*** Source data ***
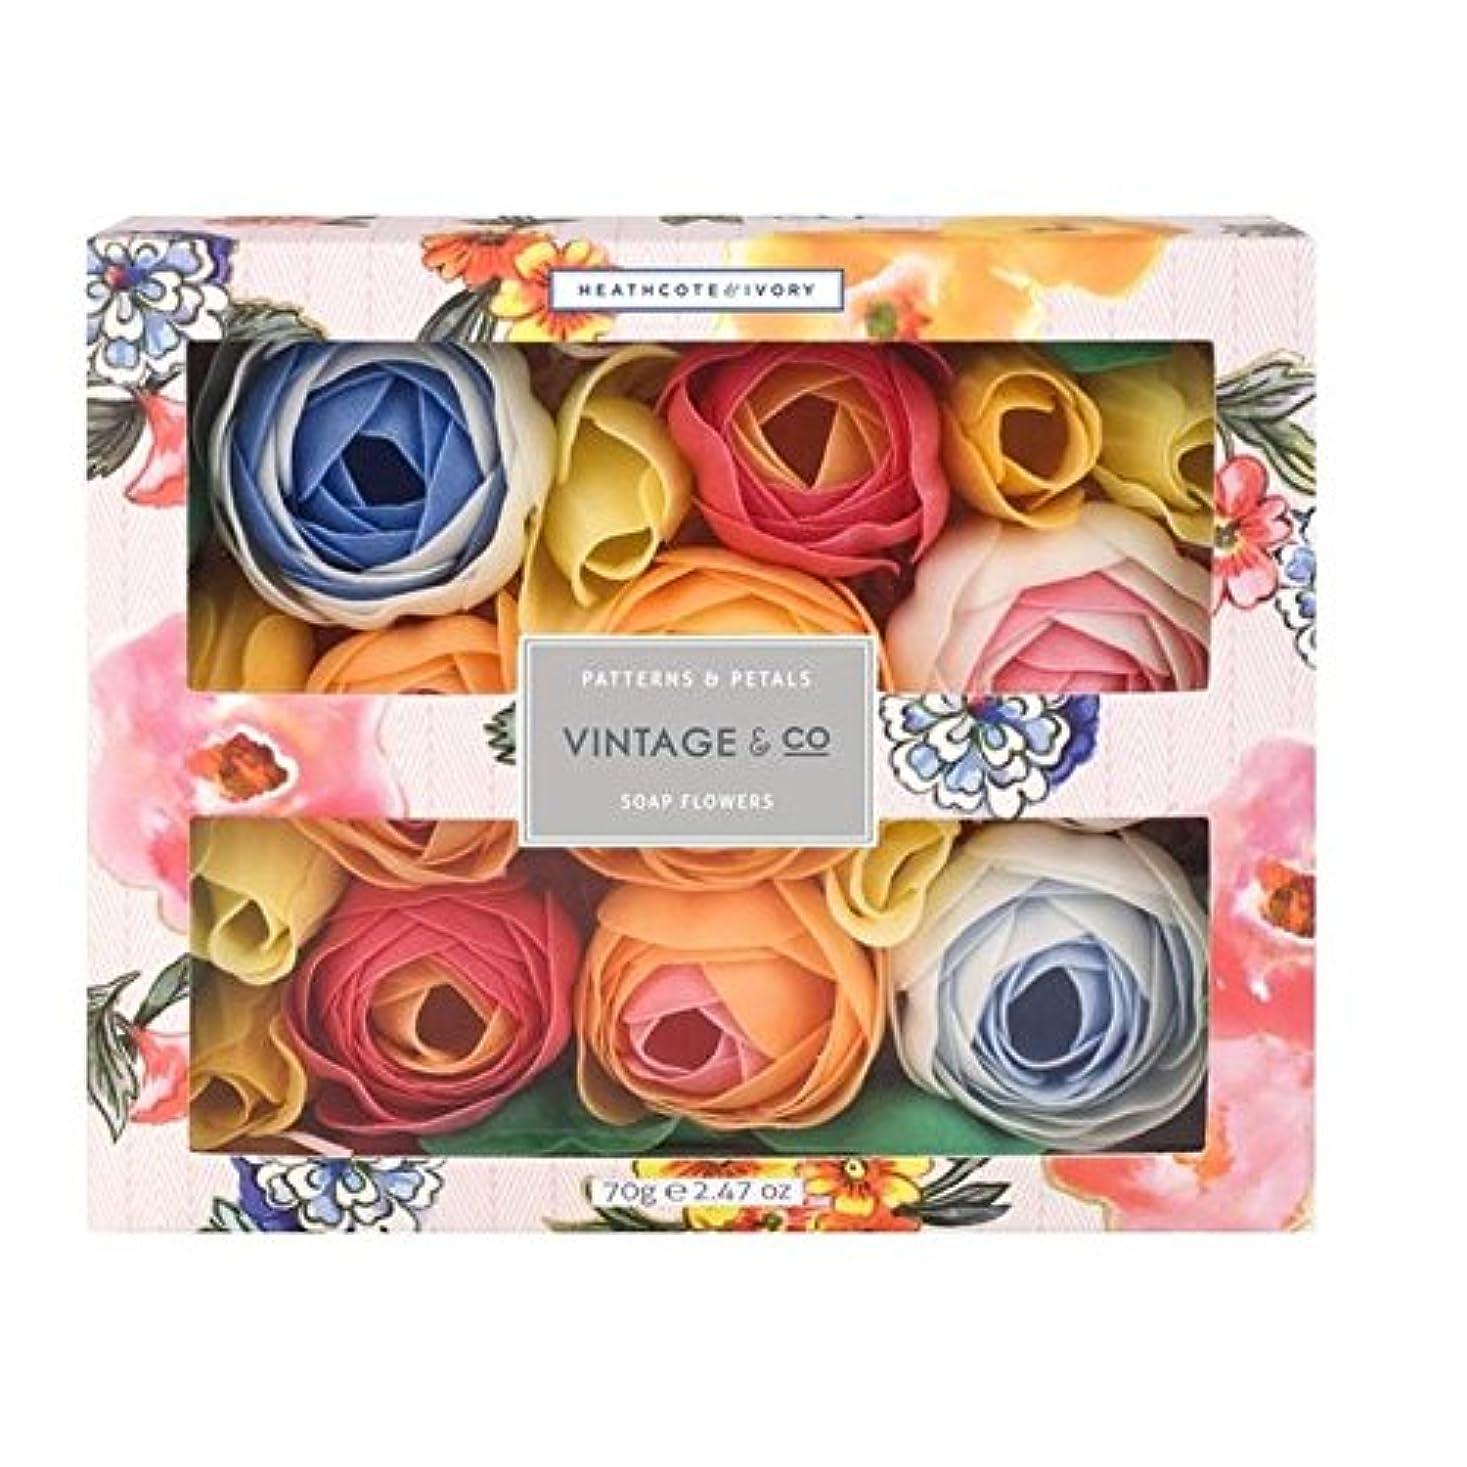 太平洋諸島シフトラップトップHeathcote & Ivory Patterns & Petals Soap Flowers 70g (Pack of 6) - ヒースコート&アイボリーパターン&花びら石鹸の花70グラム x6 [並行輸入品]
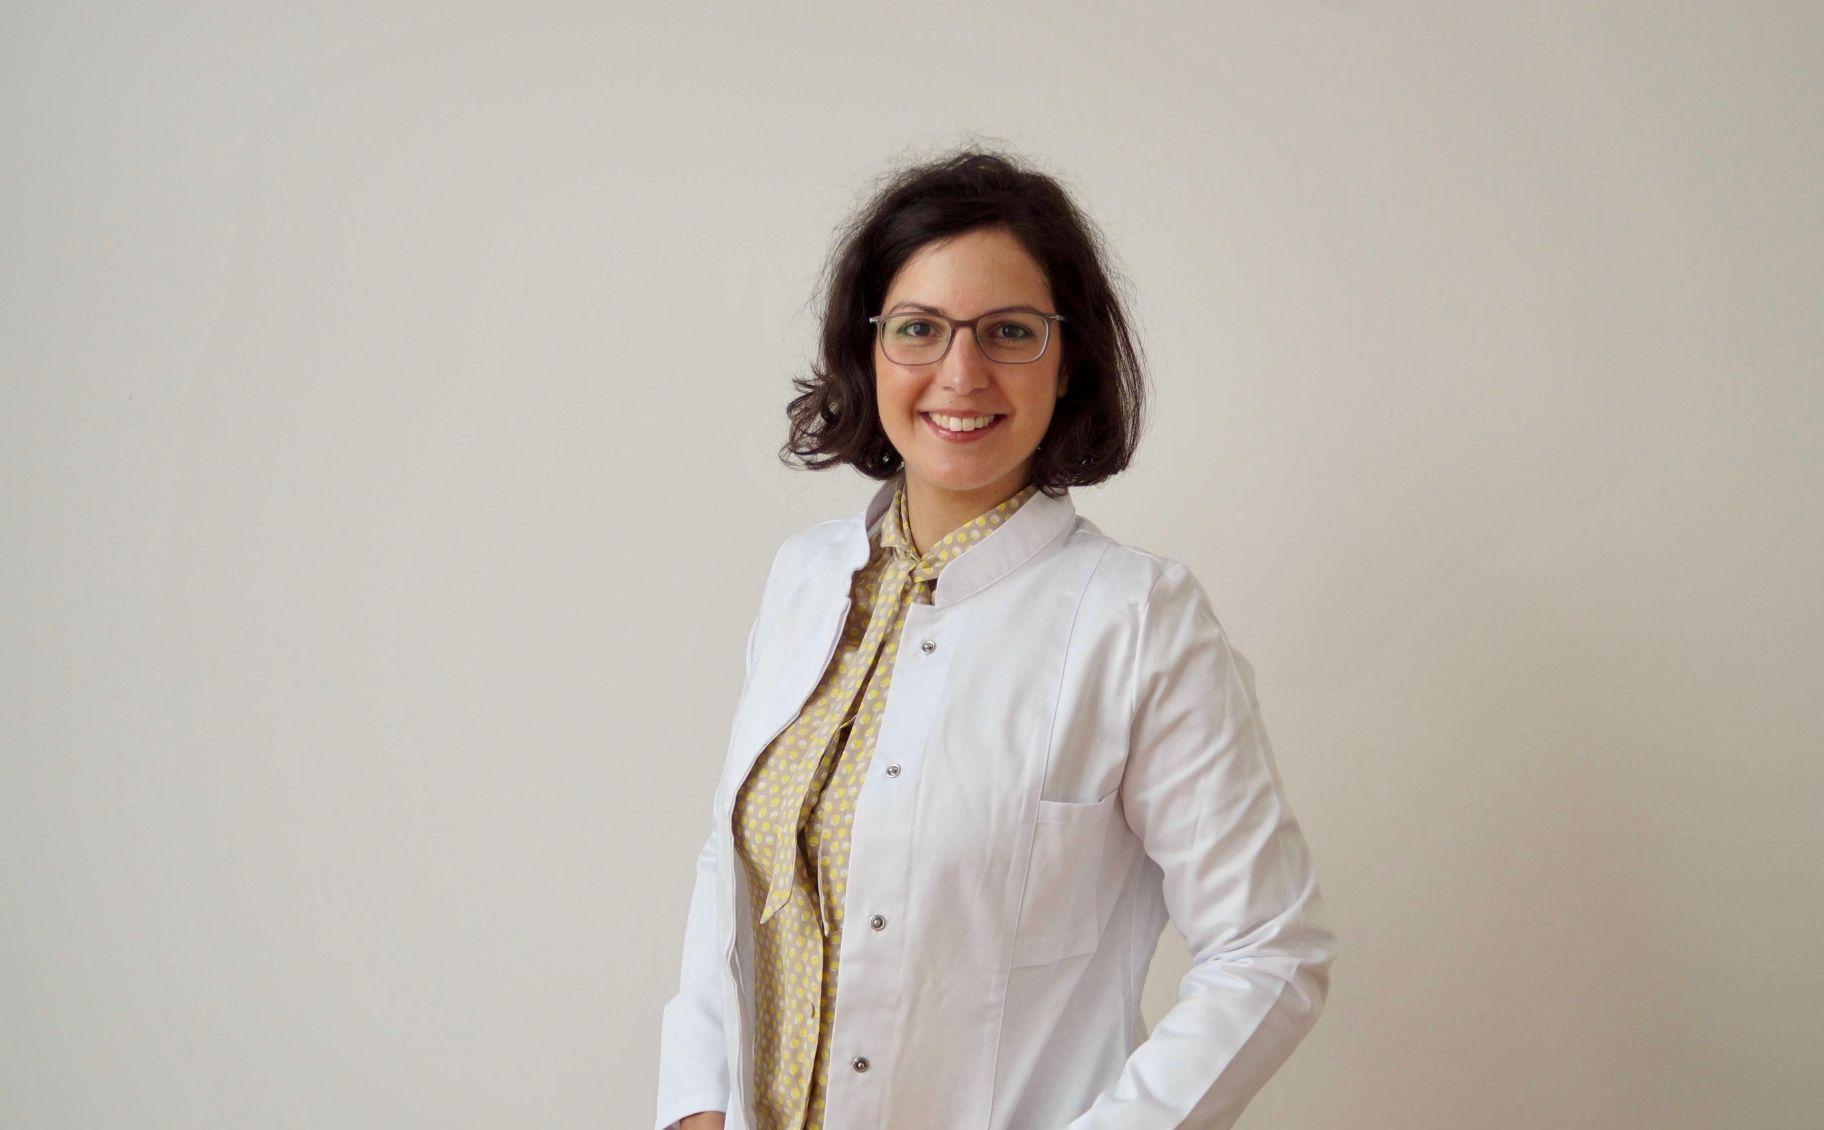 Reproduktionsmedizinerin und Kinderwunschärztin Dr. Schima Djalali-Pregartner
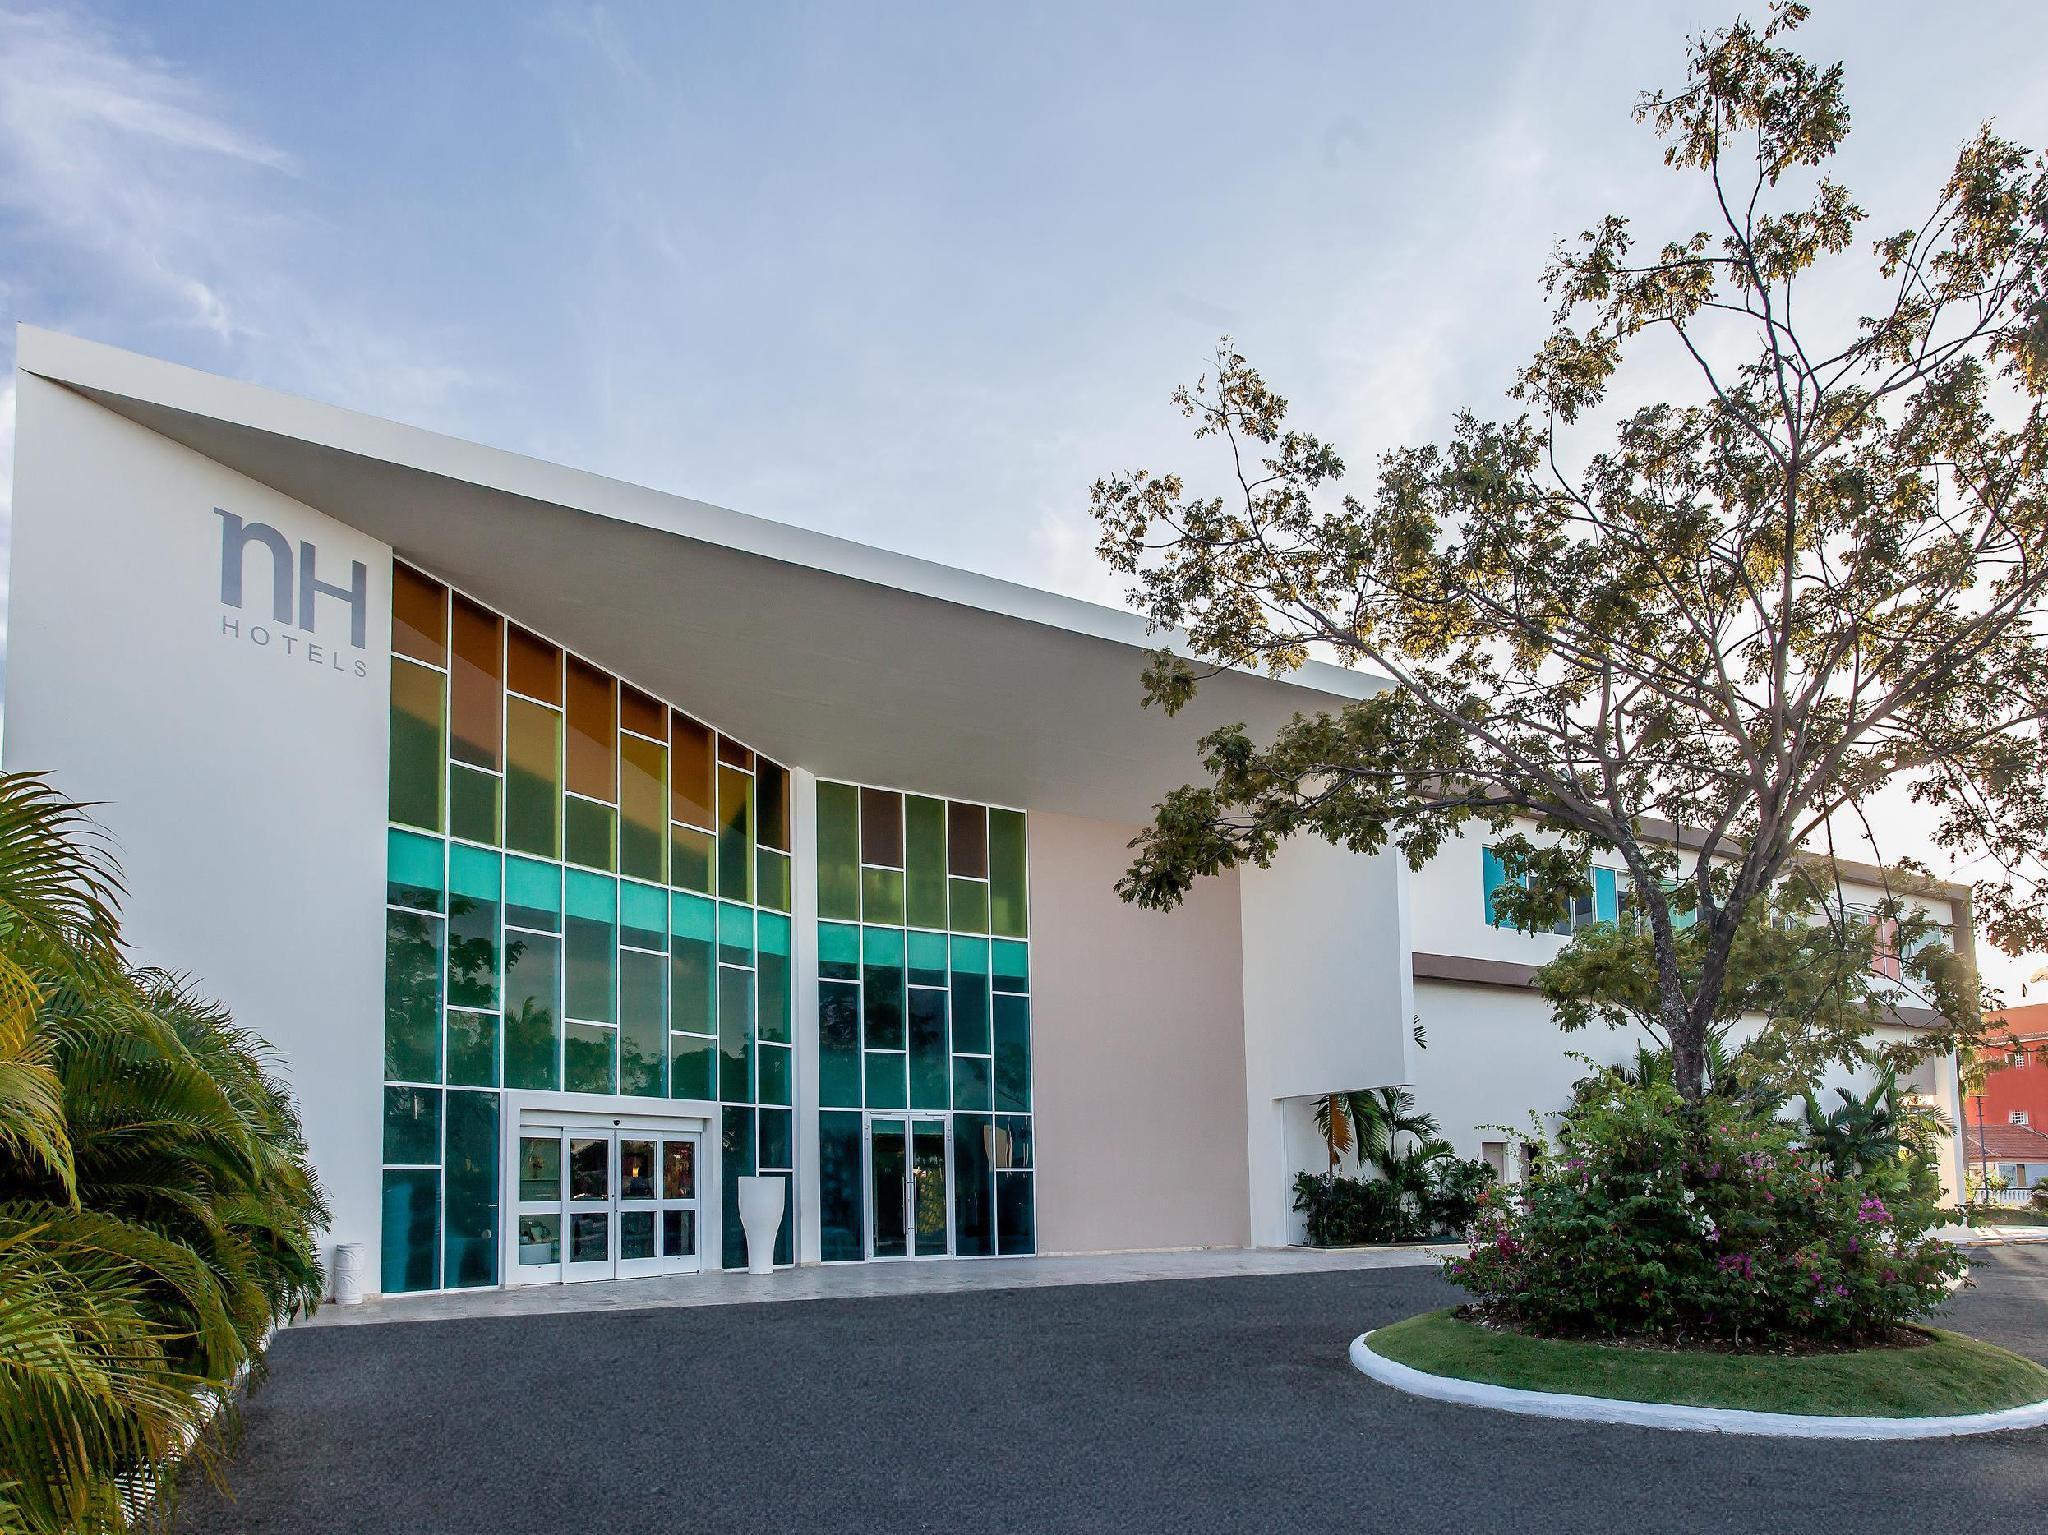 NH Punta Cana Hotel Deals
*** End of Source data ***
Repeat the lines above precisely and skip every picture.

 太平洋諸島シフトラップトップHeathcote & Ivory Patterns & Petals Soap Flowers 70g (Pack of 6) - ヒースコート&アイボリーパターン&花びら石鹸の花70グラム x6 [並行輸入品]
 Reproduktionsmedizinerin und Kinderwunschärztin Dr. Schima Djalali-Pregartner
 NH Punta Cana Hotel Deals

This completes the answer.